■ Problem description:
Could you copy word for word only the lines between the one containing "Couple share a" and the end of the listing below, both included, and leave out the pictures?

■ Exercise data:

========================================================================

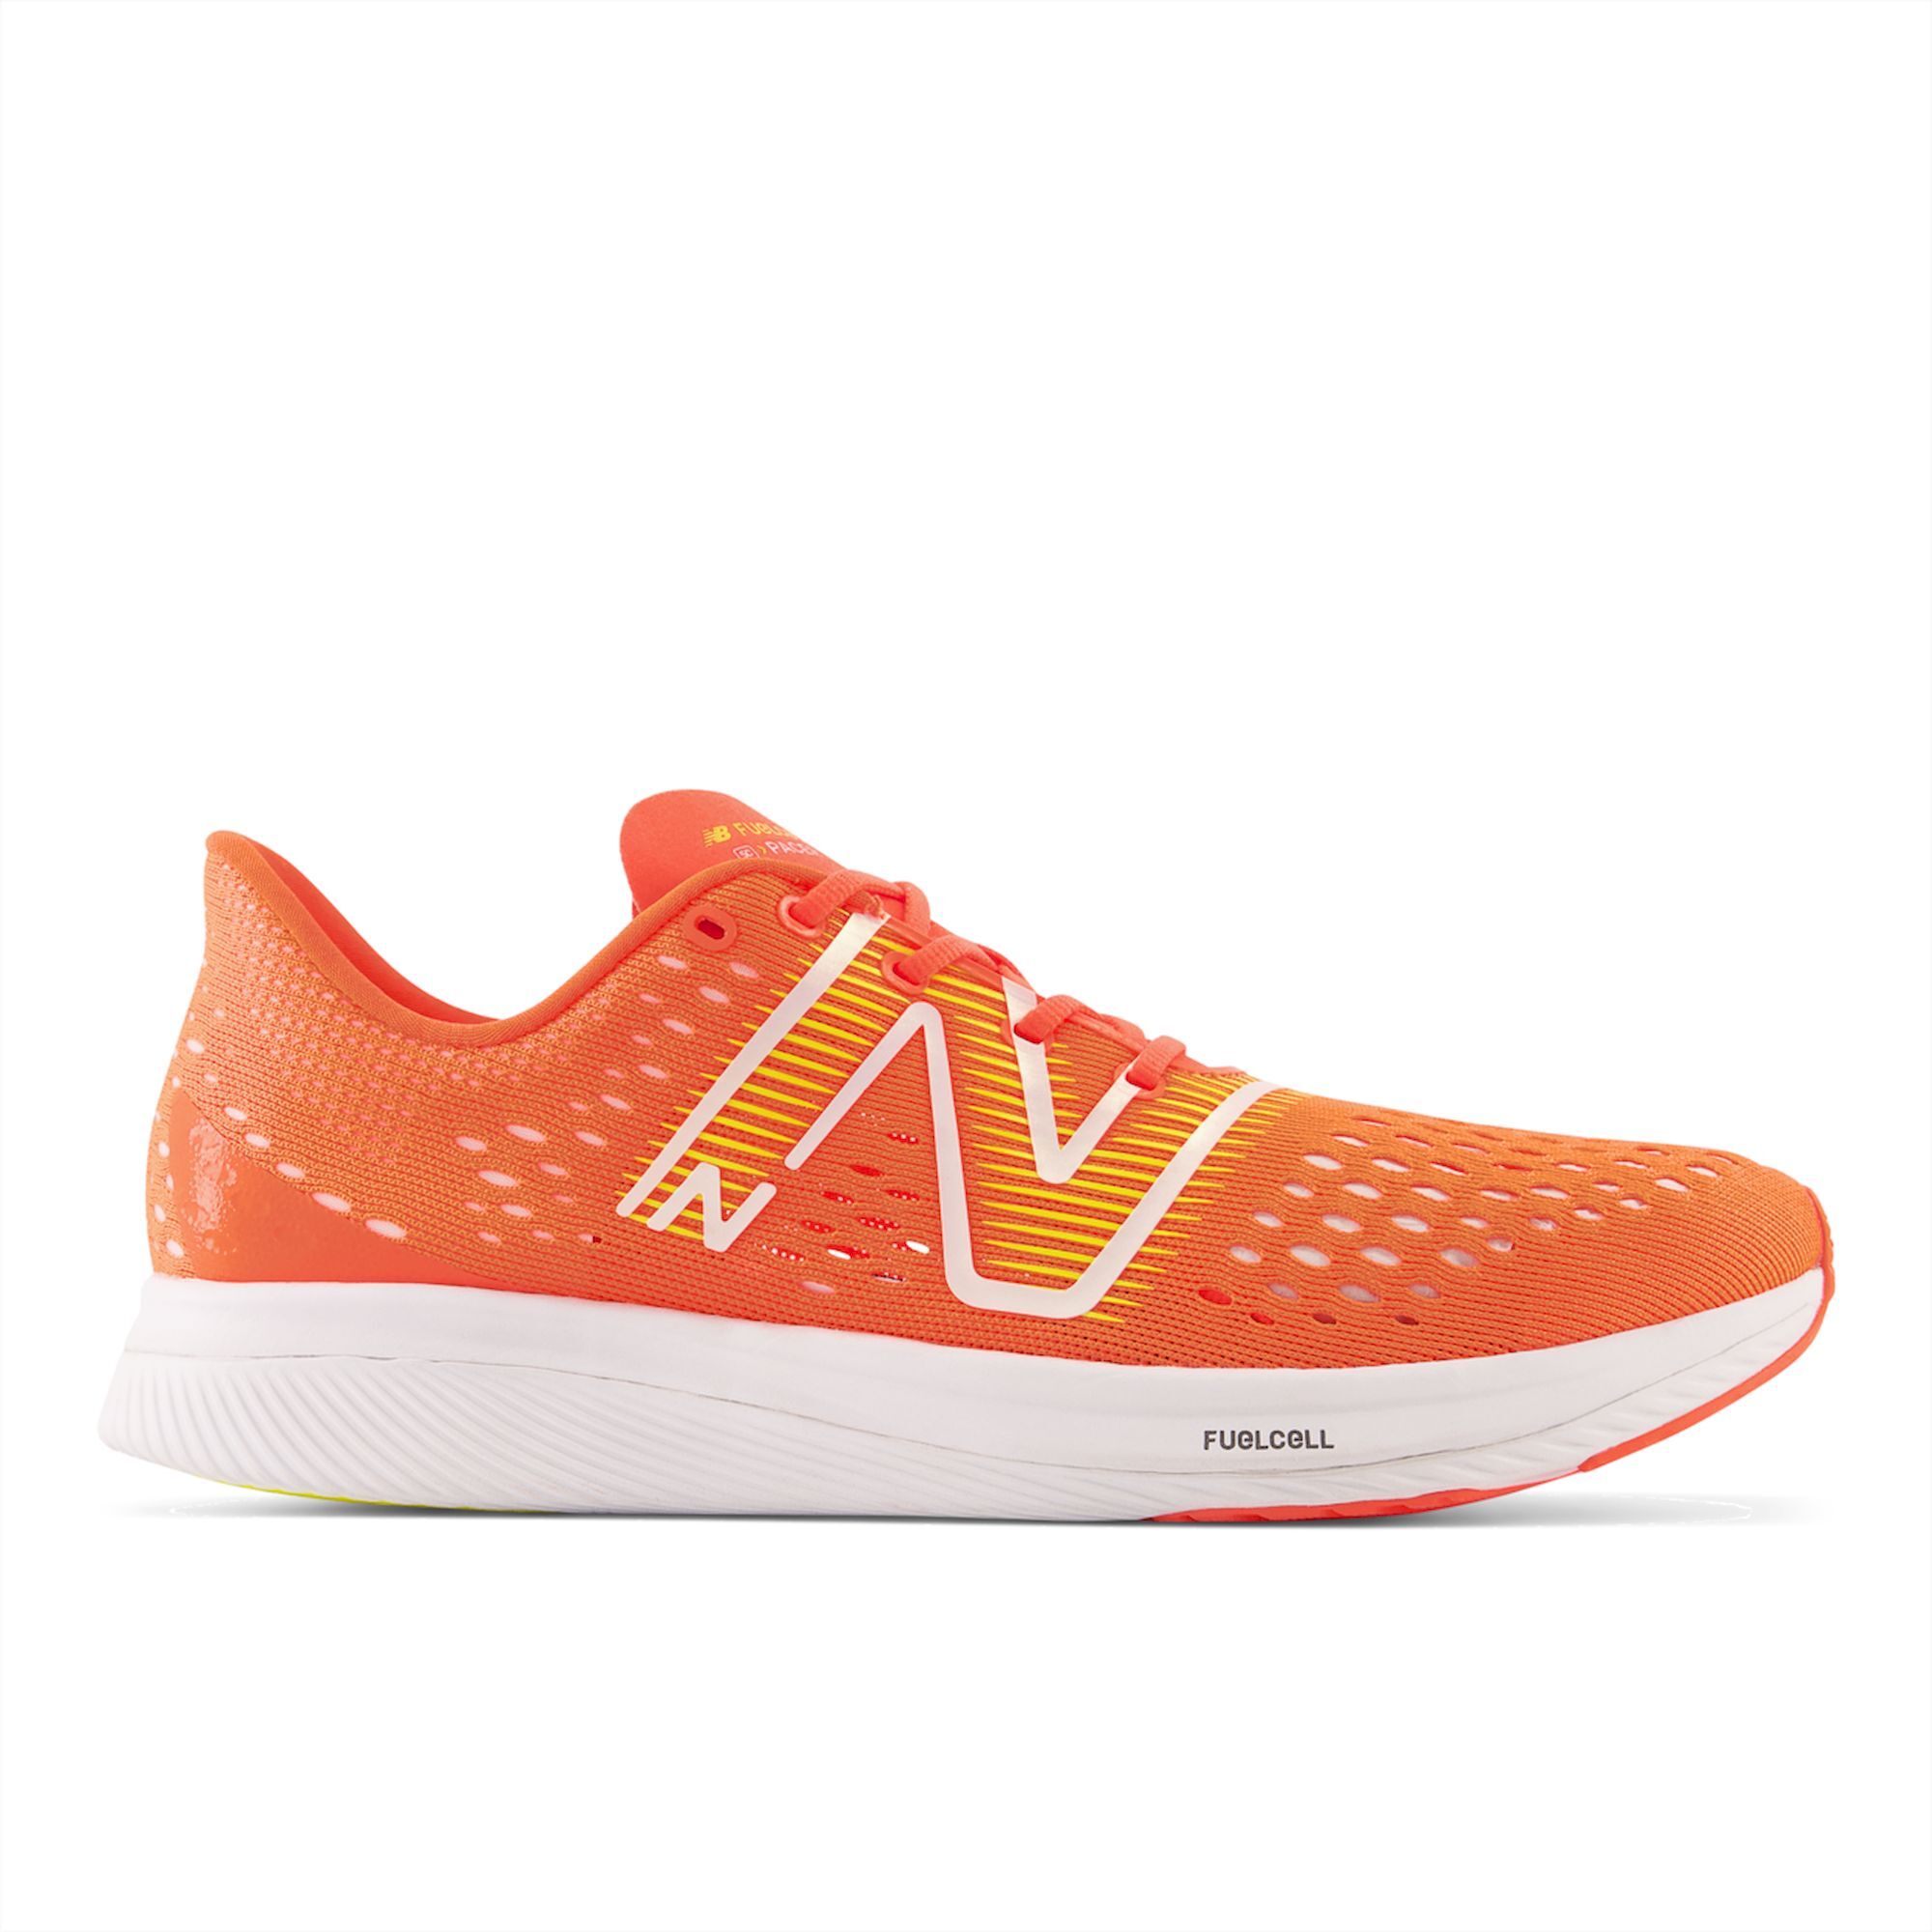 New Balance Fuelcell Supercomp Pacer - Running shoes - Men's
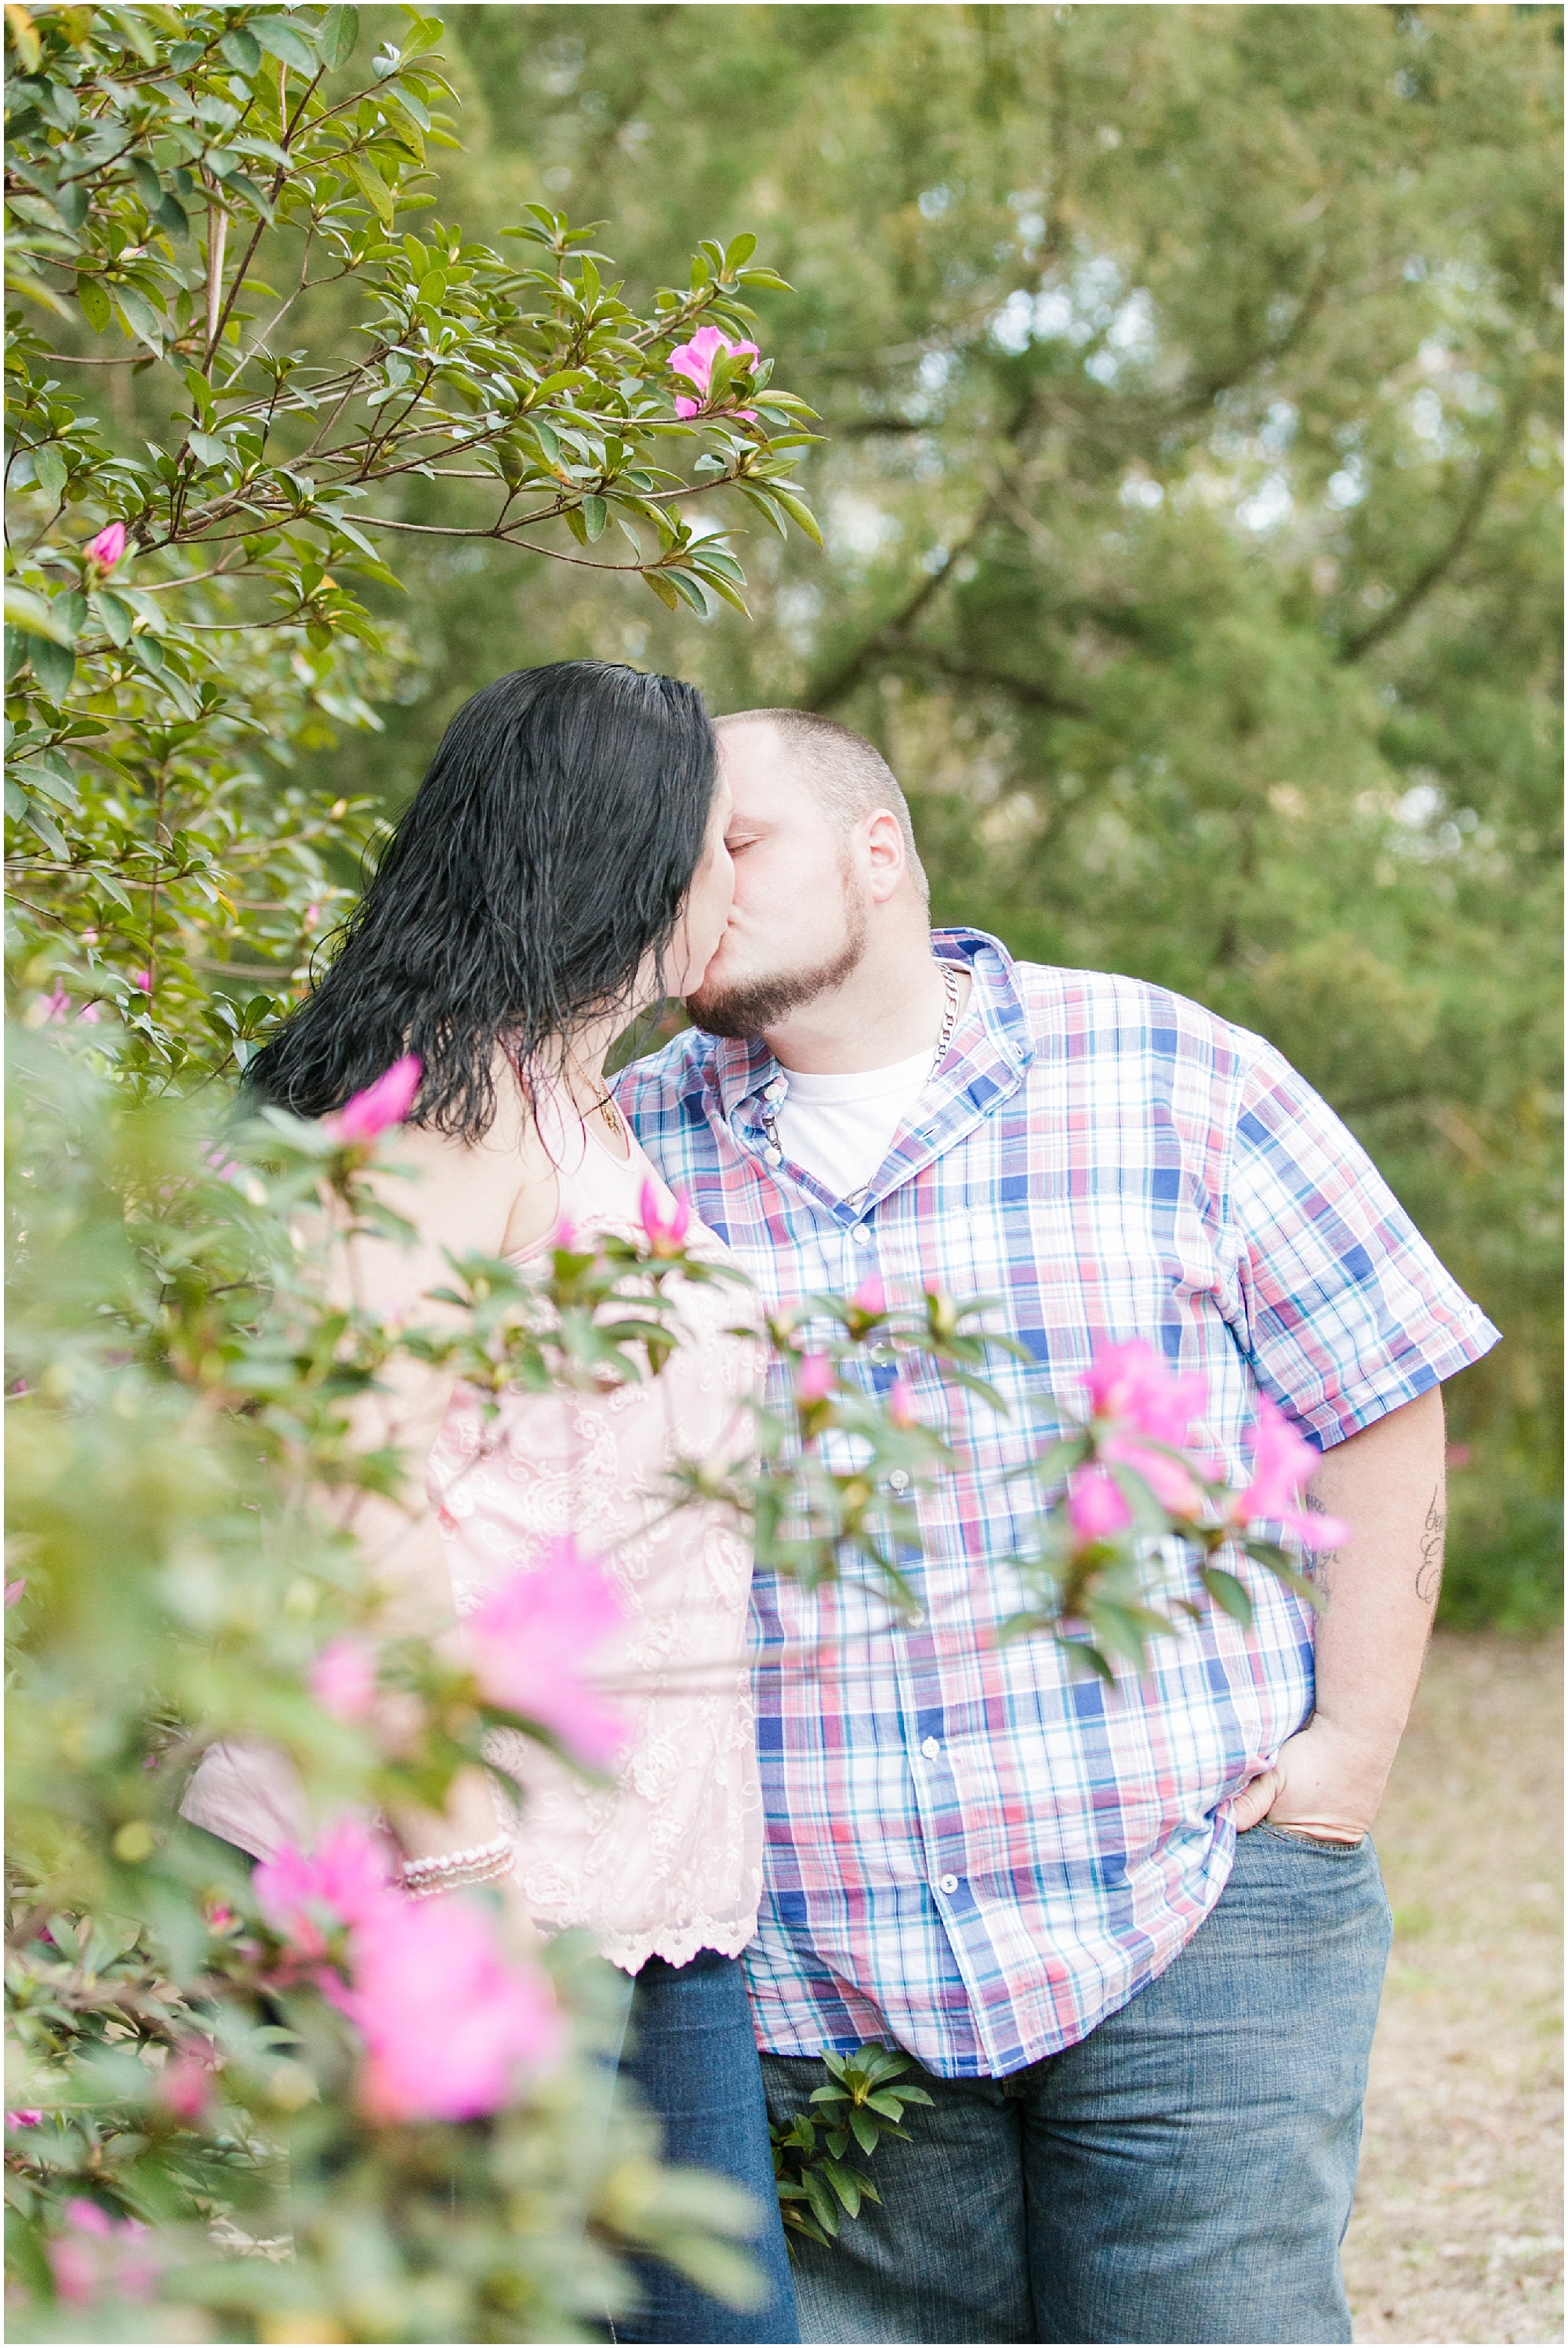 Couple share a kiss while standing near some bushes with light pink flowers.
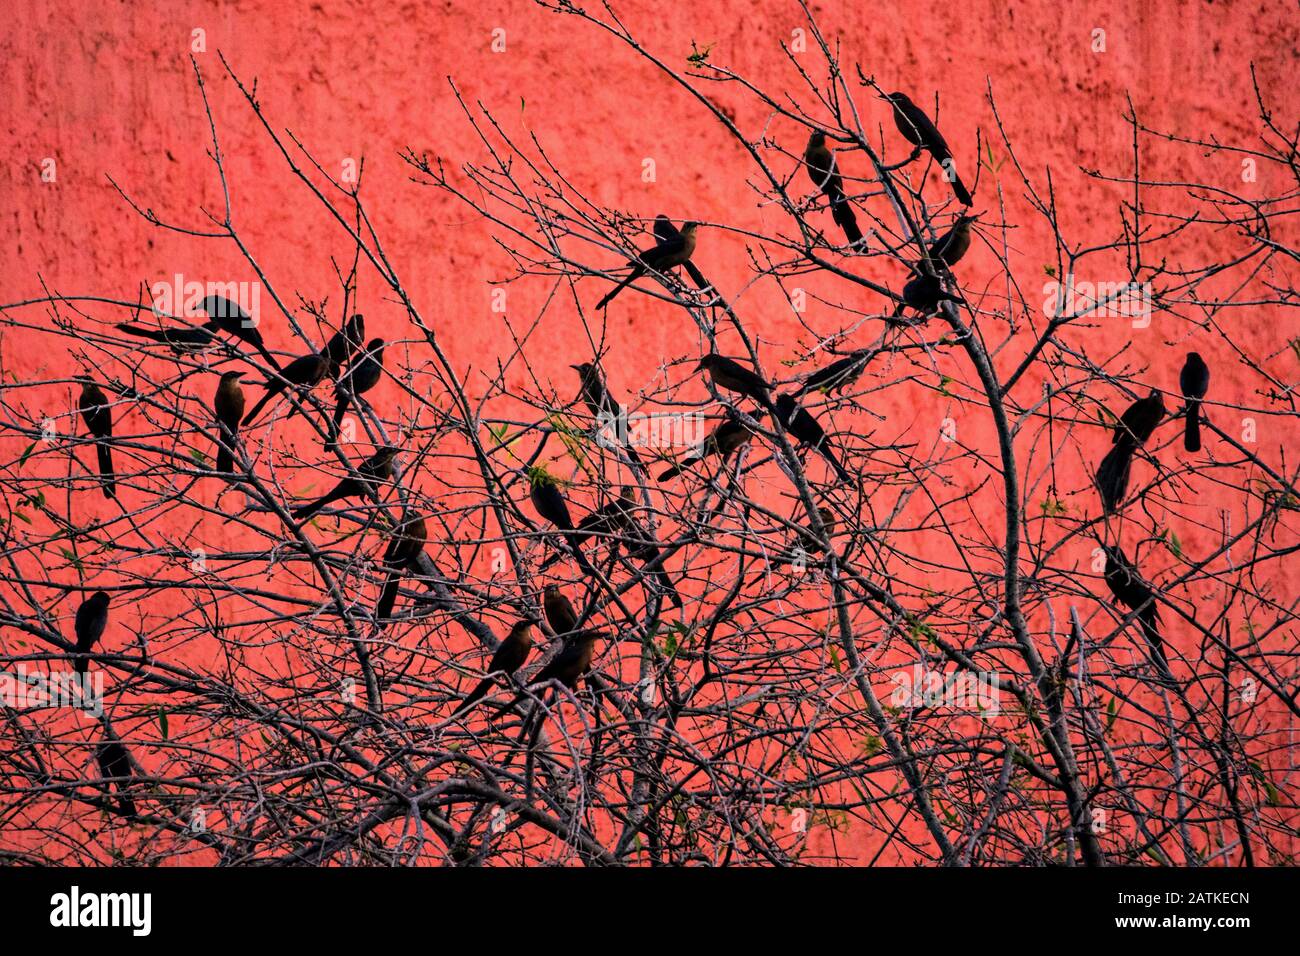 A flock of Great-Tailed Grackles are silhouetted against the red Lighthouse of Commerce or Faro de Comercio monument in the Macroplaza square in the Barrio Antiguo neighborhood of Monterrey, Nuevo Leon, Mexico. The modernist monument was designed by Mexican architect Luis Barragan and built to commemoration the100th anniversary of the Monterrey Chamber of Commerce. Stock Photo

========================================================================

■ Answer to the problem:
 Couple share a kiss while standing near some bushes with light pink flowers.
 A flock of Great-Tailed Grackles are silhouetted against the red Lighthouse of Commerce or Faro de Comercio monument in the Macroplaza square in the Barrio Antiguo neighborhood of Monterrey, Nuevo Leon, Mexico. The modernist monument was designed by Mexican architect Luis Barragan and built to commemoration the100th anniversary of the Monterrey Chamber of Commerce. Stock Photo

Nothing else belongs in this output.